Terminons en ajoutant que ces nuances posent la question des liens qui existent entre les trois dimensions dans l’exercice tangible du pouvoir, dans la mesure où le pouvoir n’est pas polarisé entre une nature purement relationnelle et purement structurelle, mais qu’il est plutôt le résultat d’une combinaison de ses différentes natures. En effet, le pouvoir se situe sur un continuum intermédiaire, qui, pour bien en saisir les nuances, nécessite la mobilisation d’outils conceptuels supplémentaires qui relèvent de l’analyse des acteurs, des structures et du discours ; ce dernier étant lié à la nature diffuse du pouvoir dans l’espace social hors de portée directe des deux premiers.

« One of the most powerful ways in which social space can be conceptualised is as constituted out of social relations, social interactions, and for that reason, always and everywhere an expression and a medium of power » (Massey, 1995: 284).

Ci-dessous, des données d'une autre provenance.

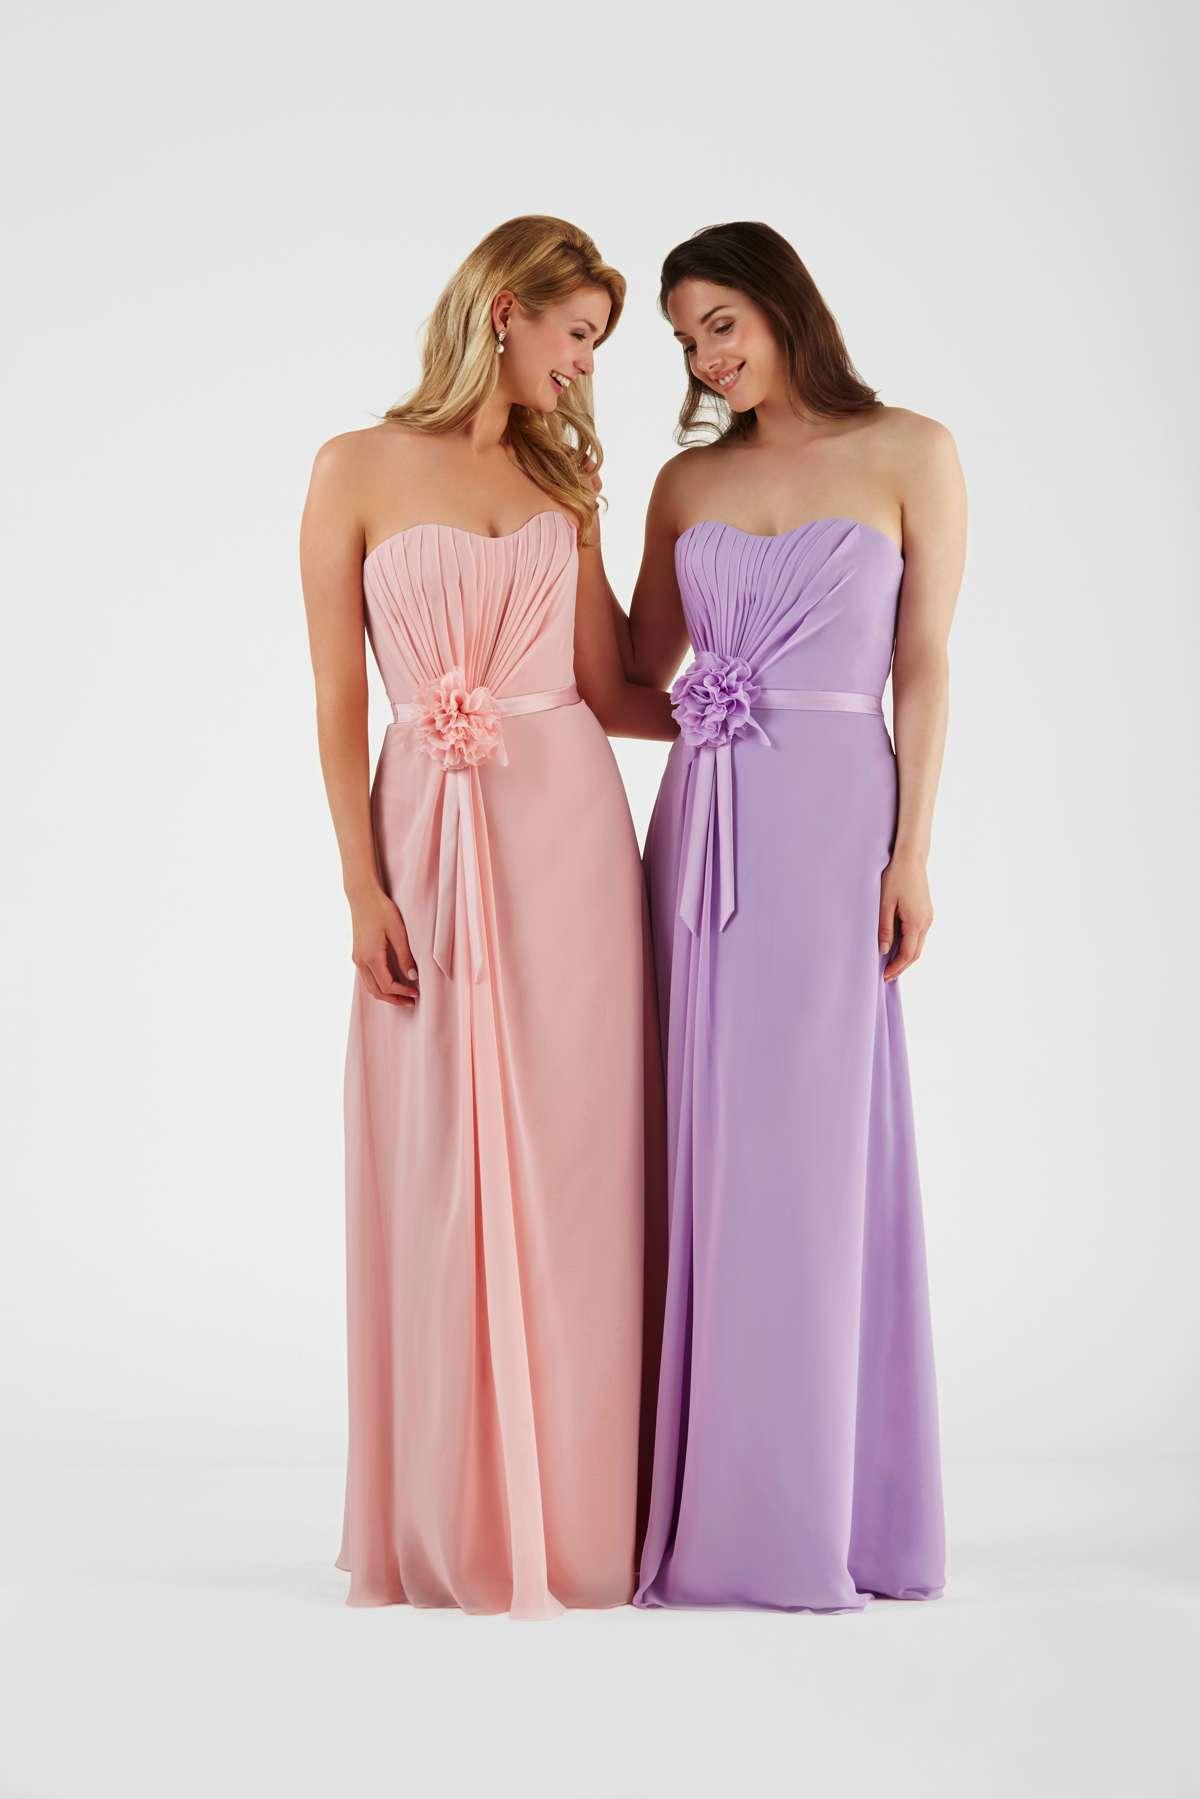 Beautiful bridesmaid gowns from EbonyRose Designs - Love ...

L’espace du tourisme et l’espace de vie des communautés qui nous concernent sont des espaces sociaux générés par les relations de pouvoir. Afin d’en saisir les contours, il importe de bien comprendre comment s’exerce ce pouvoir depuis la genèse des territoires physiques jusqu’à l’apparition des territoires sociaux qui s’inscrivent dans l’espace de vie (Di Méo, 2014). Ceci implique que le territoire est assujetti à des contraintes liées aux stratégies d’accaparement territorial qui se déroulent dans le temps au sein d’espaces physiques et sociaux (ou d’arènes), et que le résultat de cette lutte stratégique est dicté par les dynamiques de pouvoir qui s’installent entre les acteurs impliqués : c’est le processus de territorialisation.

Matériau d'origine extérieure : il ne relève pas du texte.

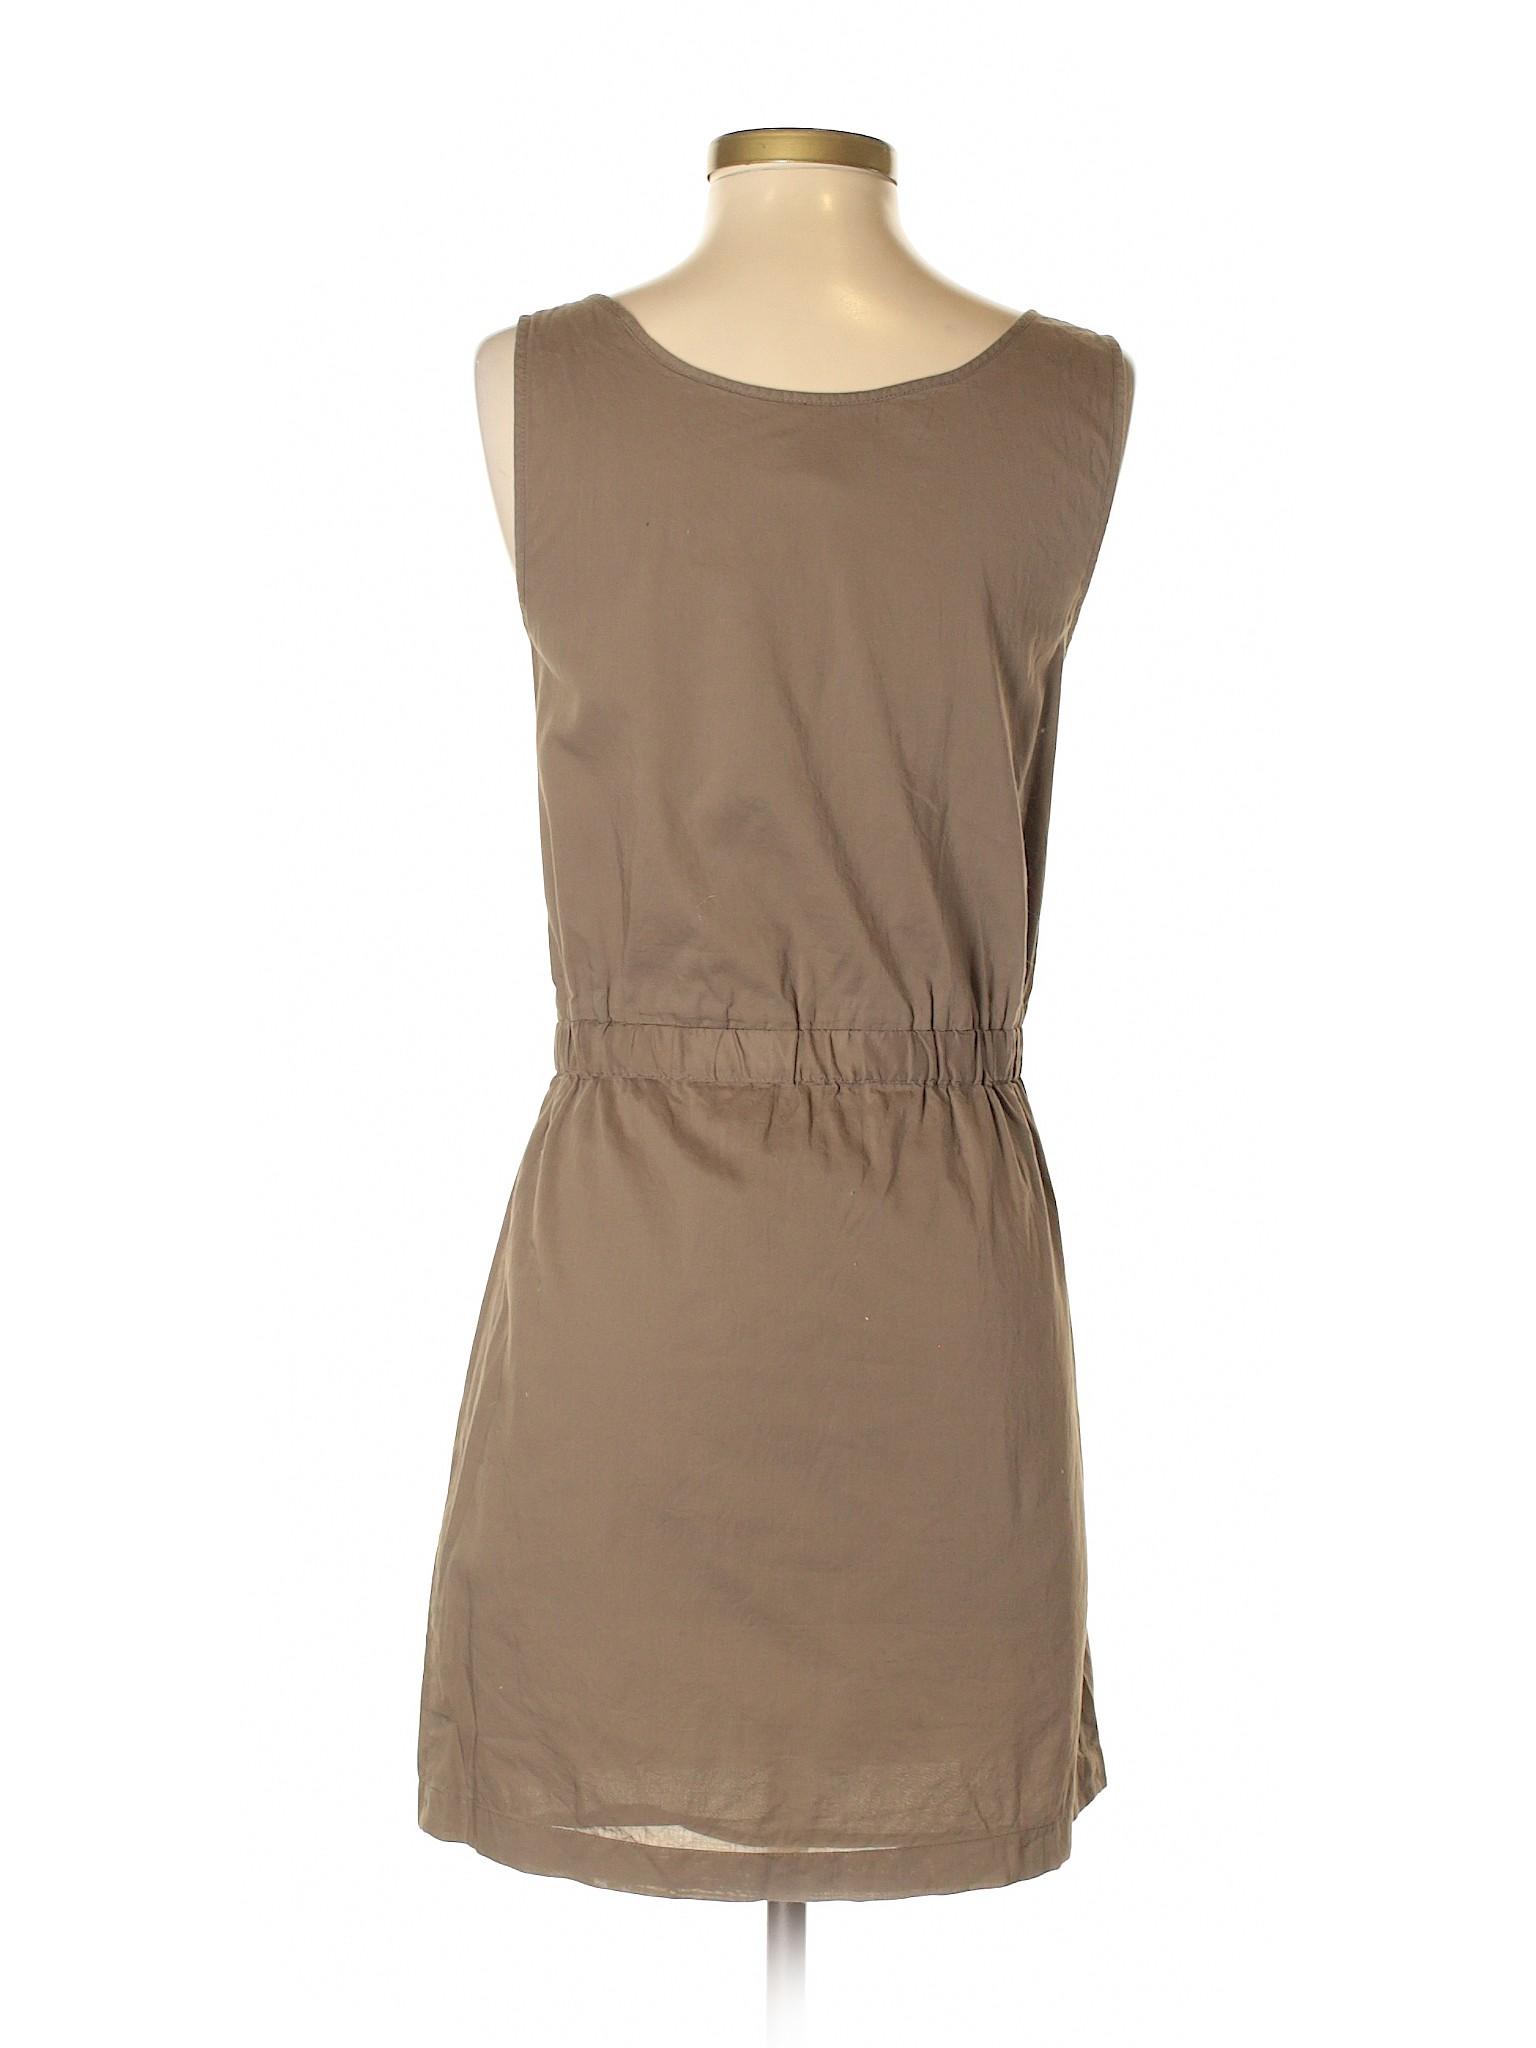 winter LOFT Ann Taylor Boutique Dress Casual d7wfW

Massey pointe en quelque sorte l’importance du lien pouvoir/espace qui sert de base à l’étude des processus de territorialisation, validant également la vision de Foucault que nous avons relevée dans la première phrase de cette section. Le pouvoir étant indissociable de la notion d’espace, c’est à travers cette dialectique que nous nous efforcerons d’analyser les dynamiques socio-territoriales liées au tourisme de masse.

TERRITORIALITÉ

Maintenant que nous avons précisé les mécanismes de production de l’espace qui sous- tendent les relations de pouvoir entre les acteurs et que nous avons décliné la façon dont nous entrevoyons l’exercice du pouvoir, il est nécessaire de définir plus précisément le concept de territorialité, socle conceptuel des processus de territorialisation. Une fois ce concept bien défini et situé dans son cadre spatio-temporel, il nous permettra de comprendre comment se déroulent les différentes dynamiques socio-territoriales qui apparaissent lors de la mise en relation entre l’espace de tourisme de croisière et l’espace de vie des communautés réceptrices. C’est cette rencontre entre espaces vecteurs de processus de territorialisation distincts qu’émane une territorialité renouvelée générée par la mise en place du port d’escale.